Gul Sebnem, Ayturan Kubilay, Hardalaç Fırat
Department of Electrical and Electronics Engineering, Faculty of Engineering, Graduate School of Natural and Applied Sciences, Gazi University, Ankara 06570, Turkey.
J Pers Med. 2024 Jul 29;14(8):804. doi: 10.3390/jpm14080804.

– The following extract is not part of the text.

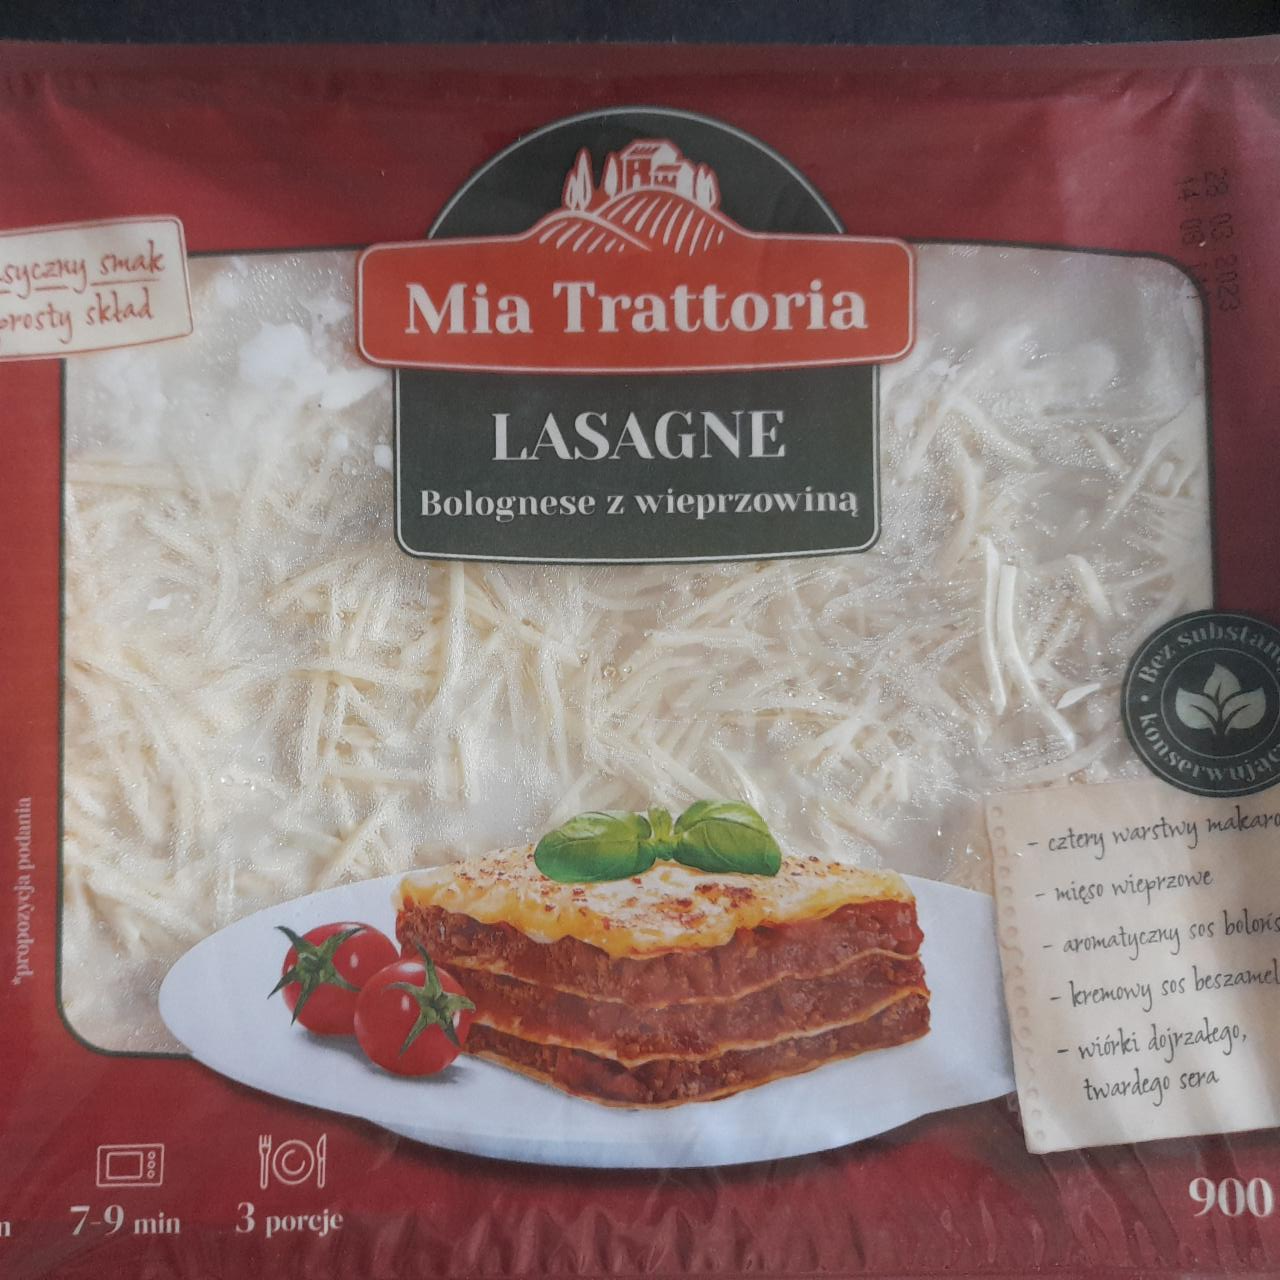 Zdjęcia - Lasagne bolognese z wieprzowiną Mia Trattoria
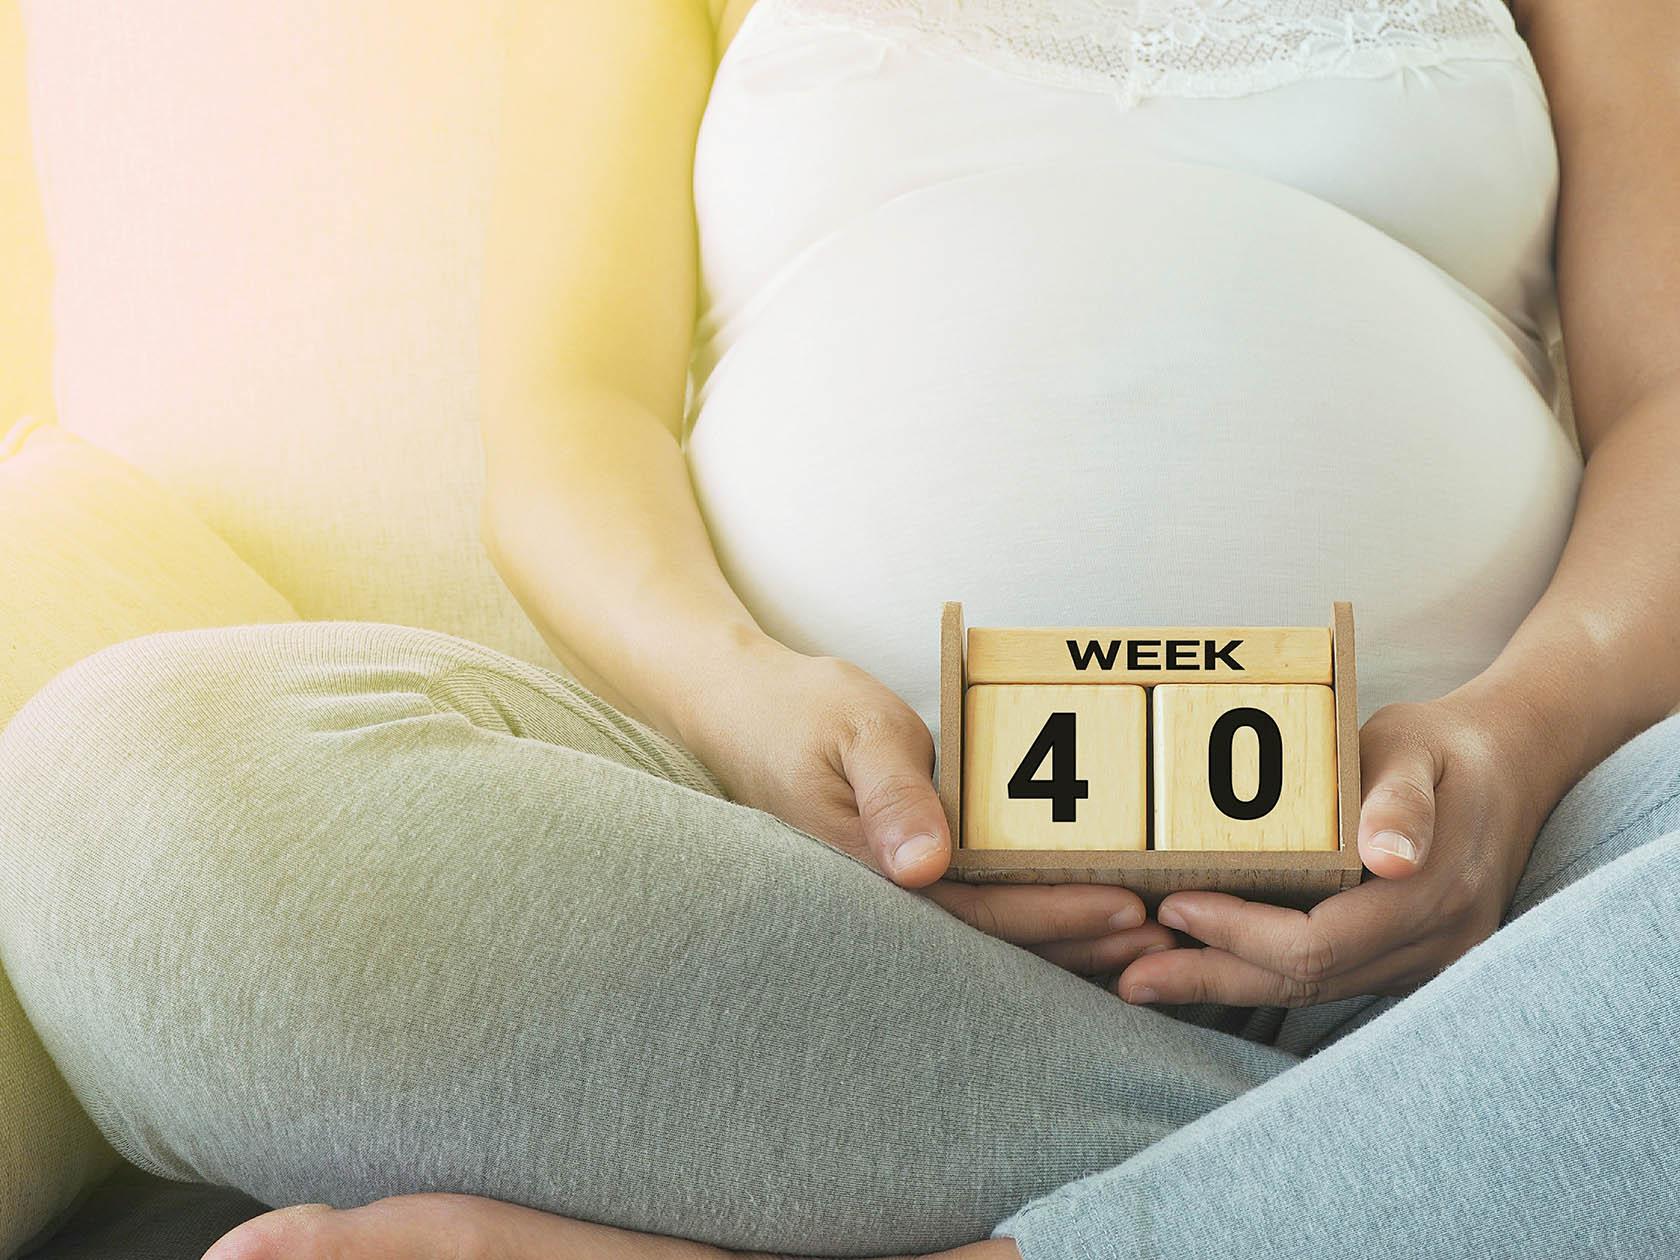 Почему не все рожают в 40 недель? Длительность беременности с научной точки зрения

Predicting type 2 diabetes mellitus (T2DM) by using phenotypic data with machine learning (ML) techniques has received significant attention in recent years. PyCaret, a low-code automated ML tool that enables the simultaneous application of 16 different algorithms, was used to predict T2DM by using phenotypic variables from the "Nurses' Health Study" and "Health Professionals' Follow-up Study" datasets. Ridge Classifier, Linear Discriminant Analysis, and Logistic Regression (LR) were the best-performing models for the male-only data subset. For the female-only data subset, LR, Gradient Boosting Classifier, and CatBoost Classifier were the strongest models. The AUC, accuracy, and precision were approximately 0.77, 0.70, and 0.70 for males and 0.79, 0.70, and 0.71 for females, respectively. The feature importance plot showed that family history of diabetes (famdb), never having smoked, and high blood pressure (hbp) were the most influential features in females, while famdb, hbp, and currently being a smoker were the major variables in males. In conclusion, PyCaret was used successfully for the prediction of T2DM by simplifying complex ML tasks. Gender differences are important to consider for T2DM prediction. Despite this comprehensive ML tool, phenotypic variables alone may not be sufficient for early T2DM prediction; genotypic variables could also be used in combination for future studies.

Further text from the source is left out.